Study material =
########################################

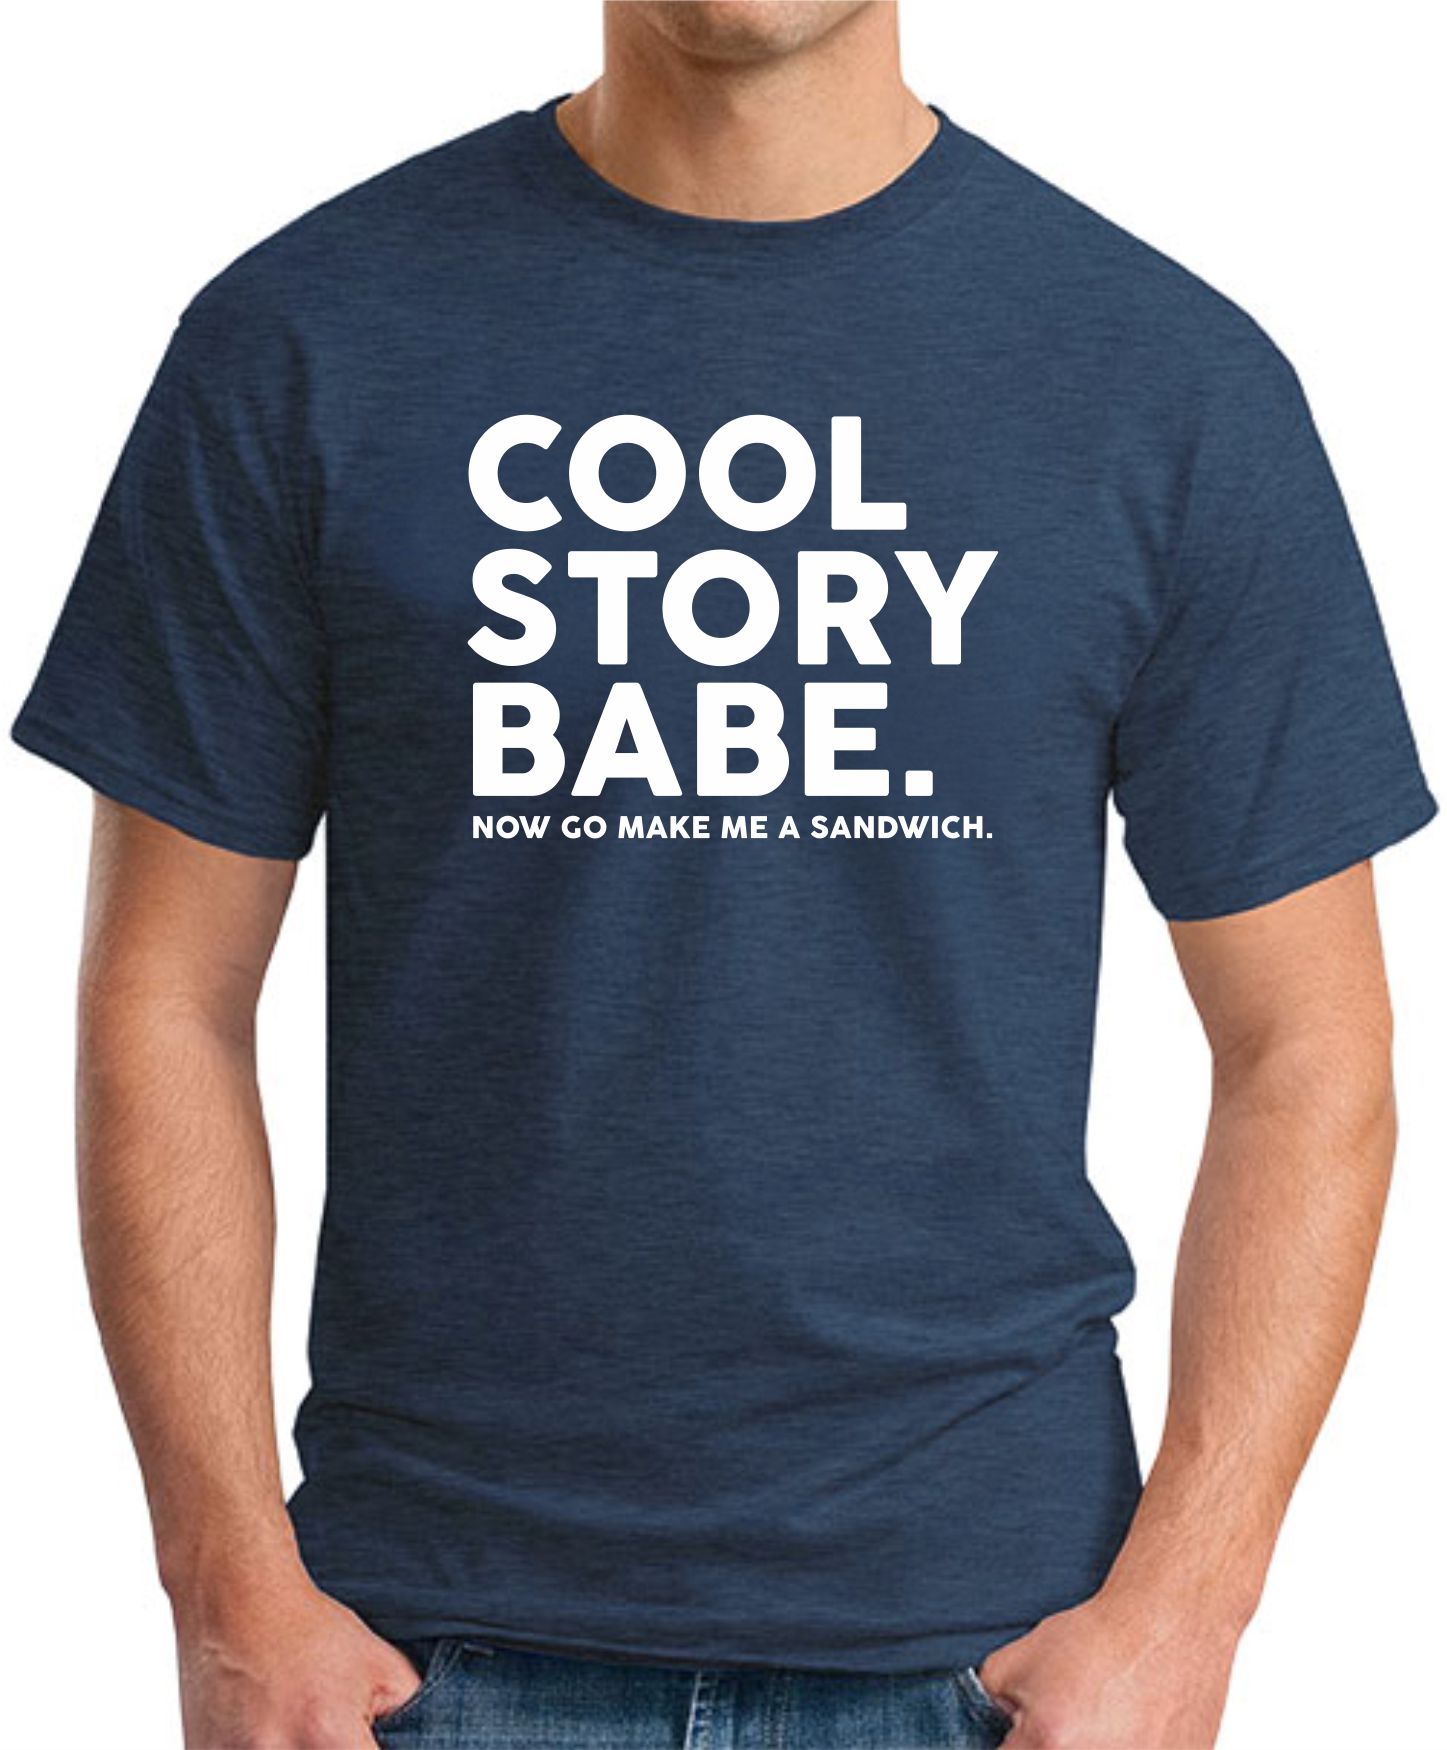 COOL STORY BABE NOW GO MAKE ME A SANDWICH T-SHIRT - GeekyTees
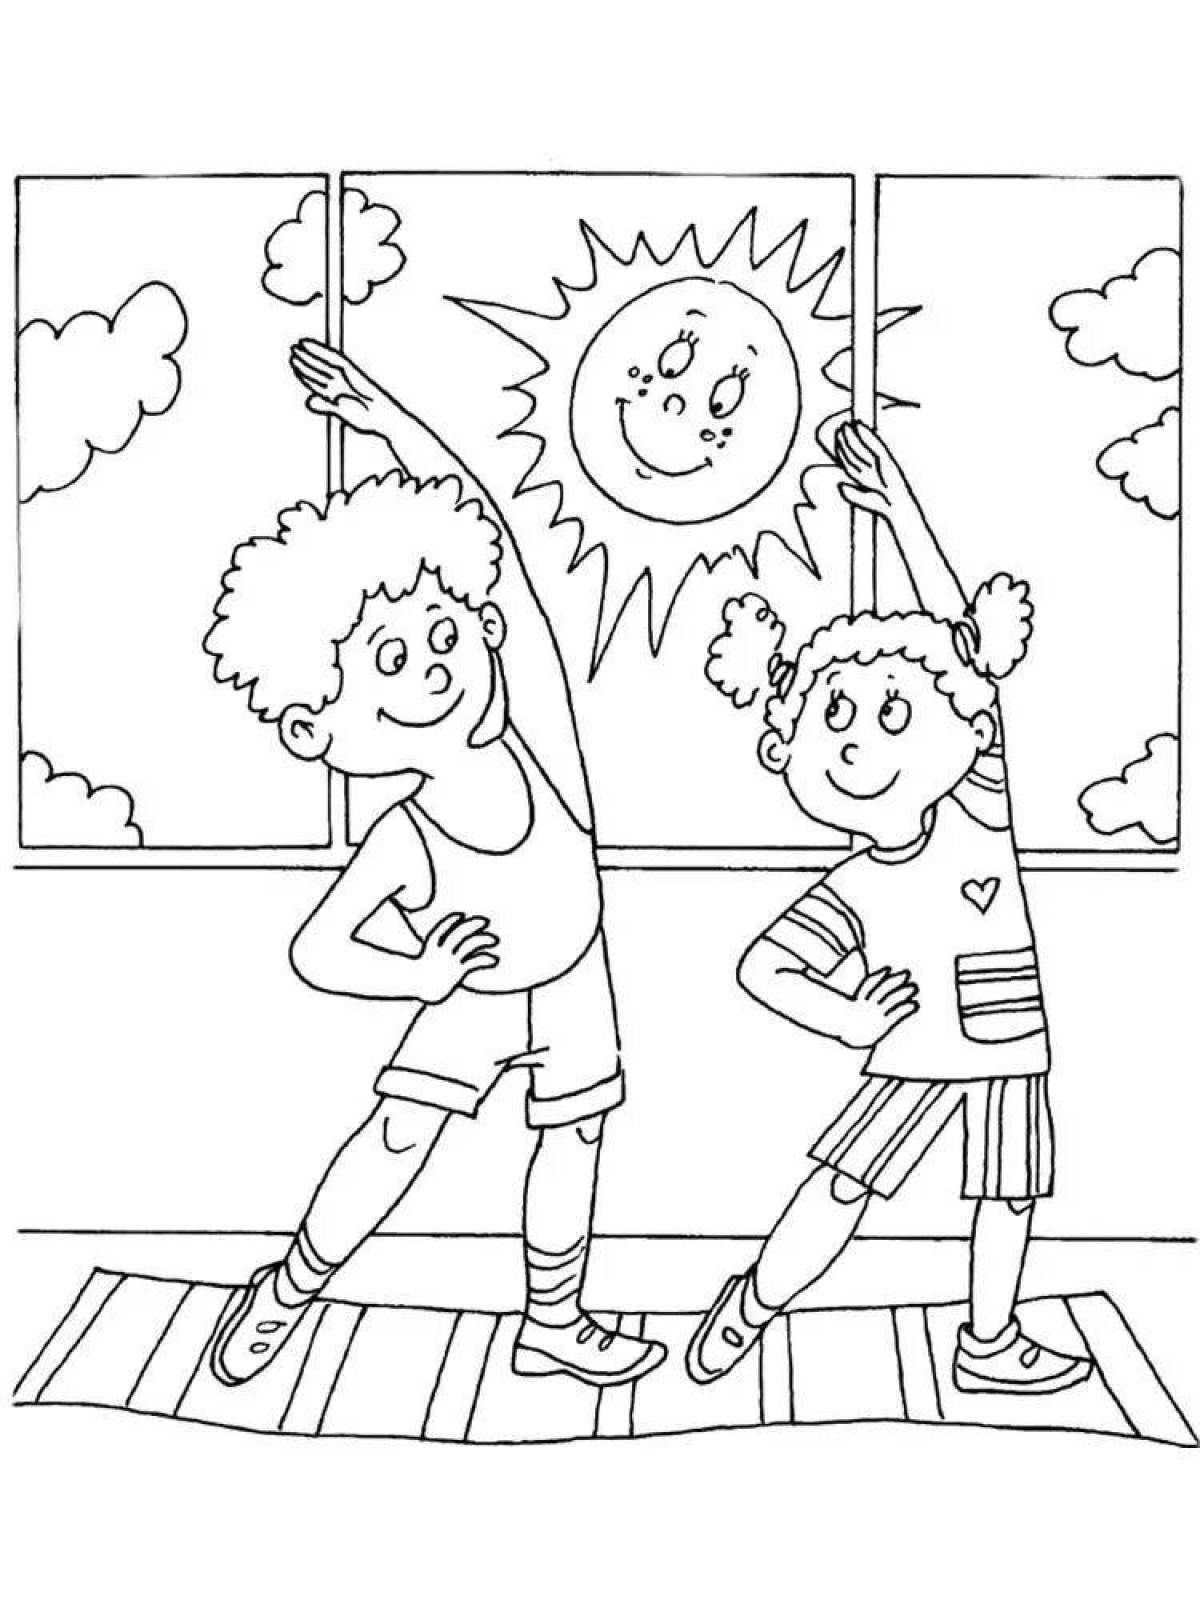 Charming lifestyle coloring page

########################################

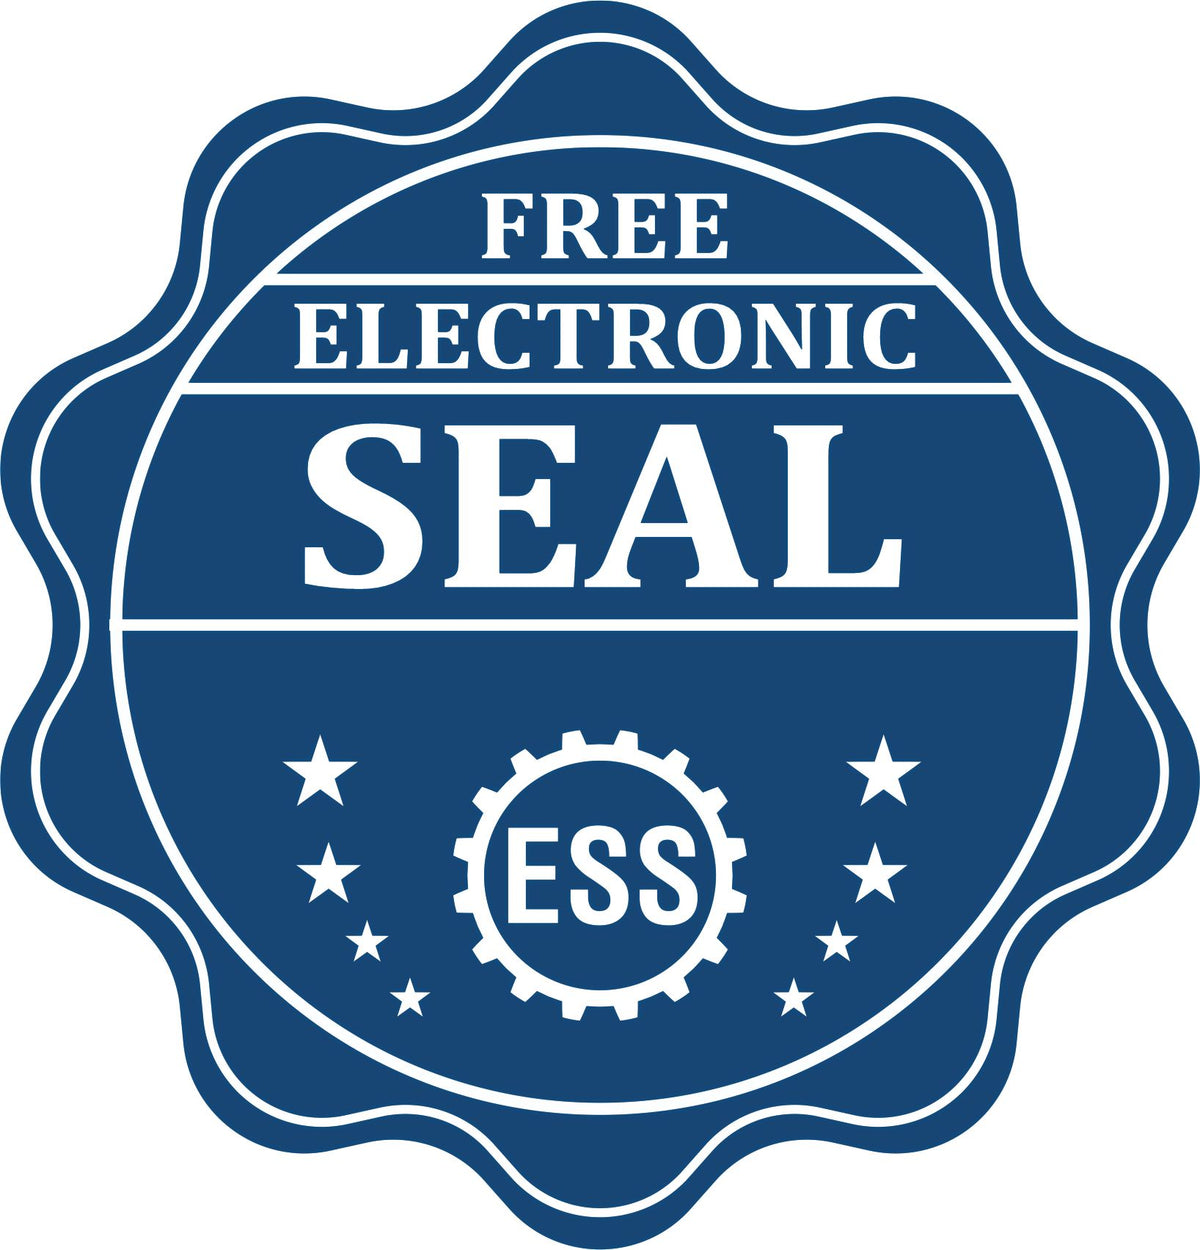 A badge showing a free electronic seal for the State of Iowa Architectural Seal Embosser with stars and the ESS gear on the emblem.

########################################

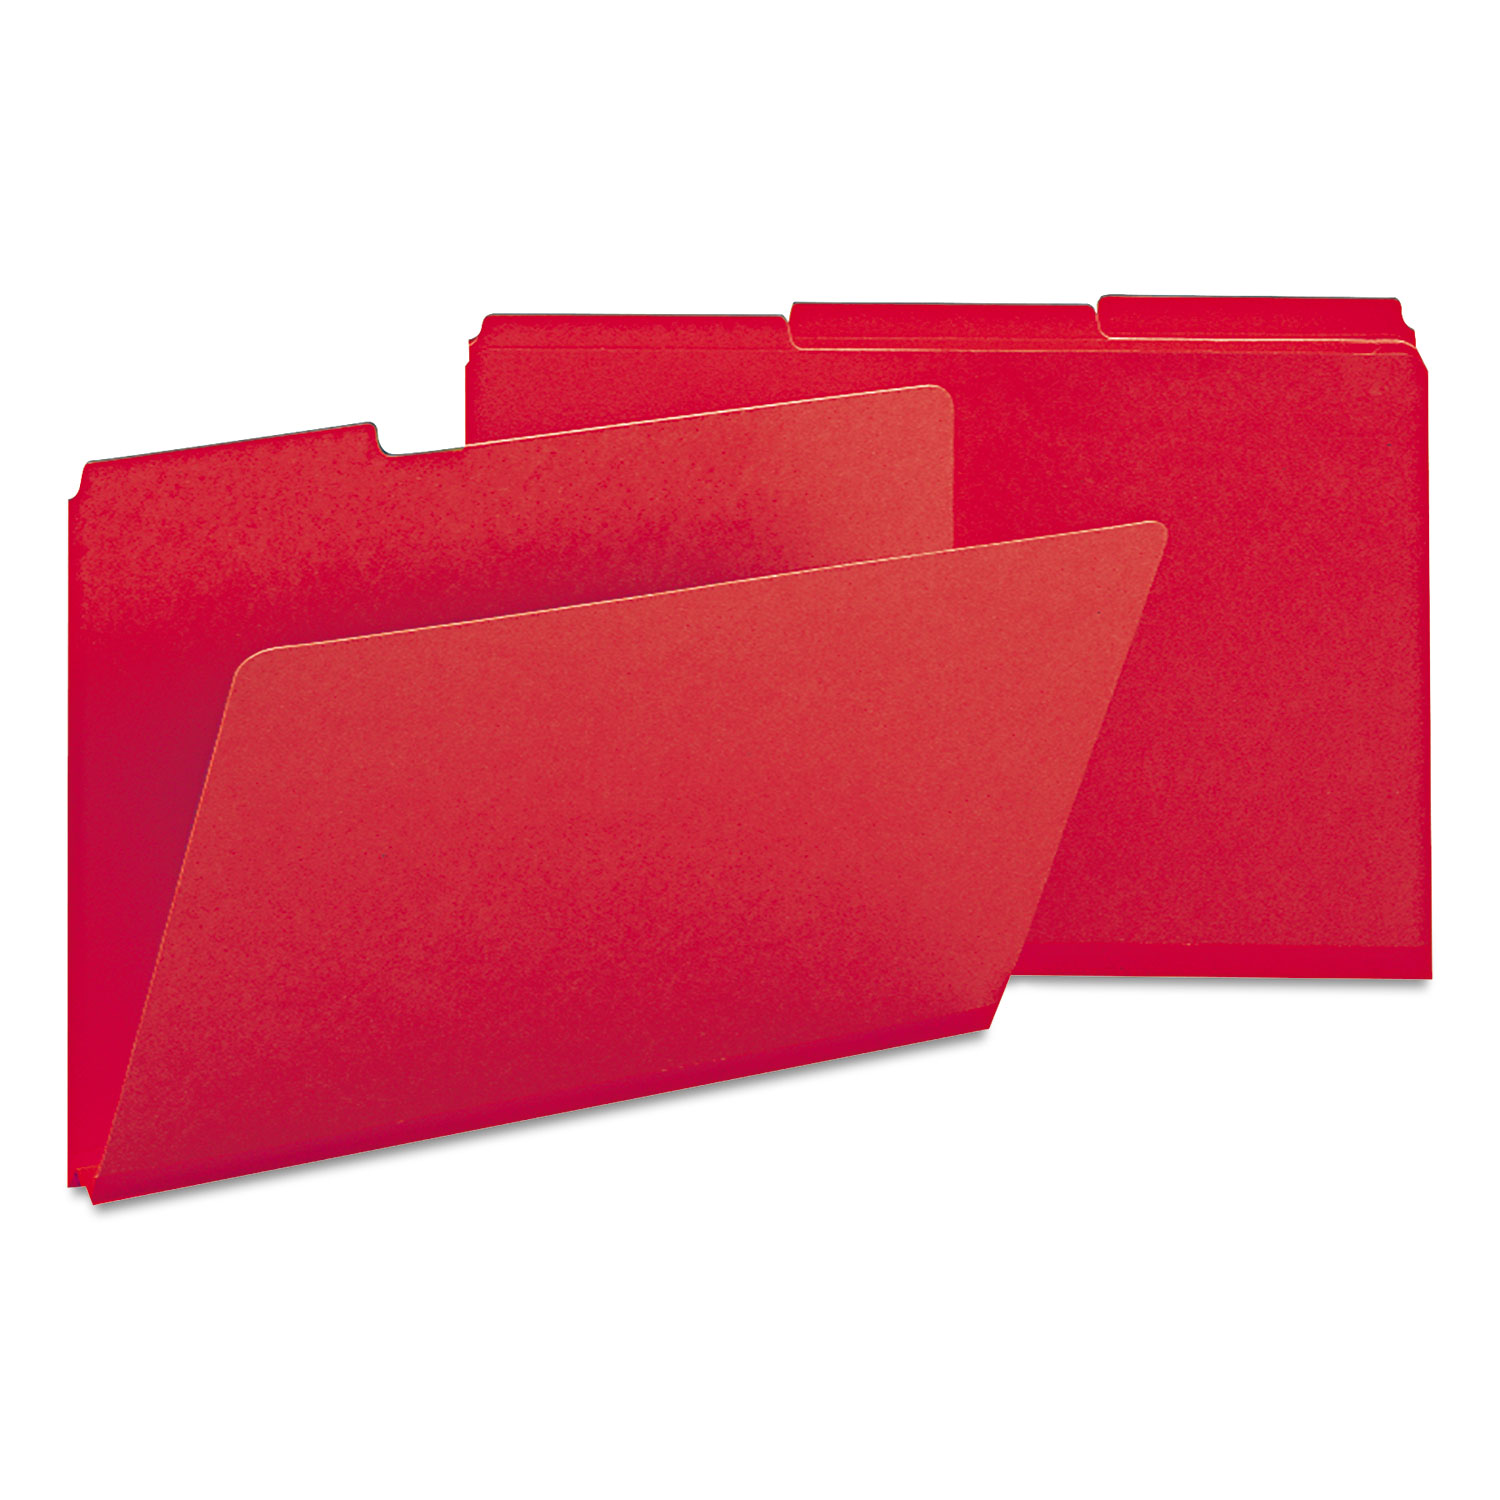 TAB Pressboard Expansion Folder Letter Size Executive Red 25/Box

########################################

What to do = Starting with the line that contains "COOL STORY BABE" and finishing with the line that contains "Charming lifestyle coloring page", reproduce every line of the material above exactly, but not the pictures.

Result of the task =
 COOL STORY BABE NOW GO MAKE ME A SANDWICH T-SHIRT - GeekyTees
 Charming lifestyle coloring page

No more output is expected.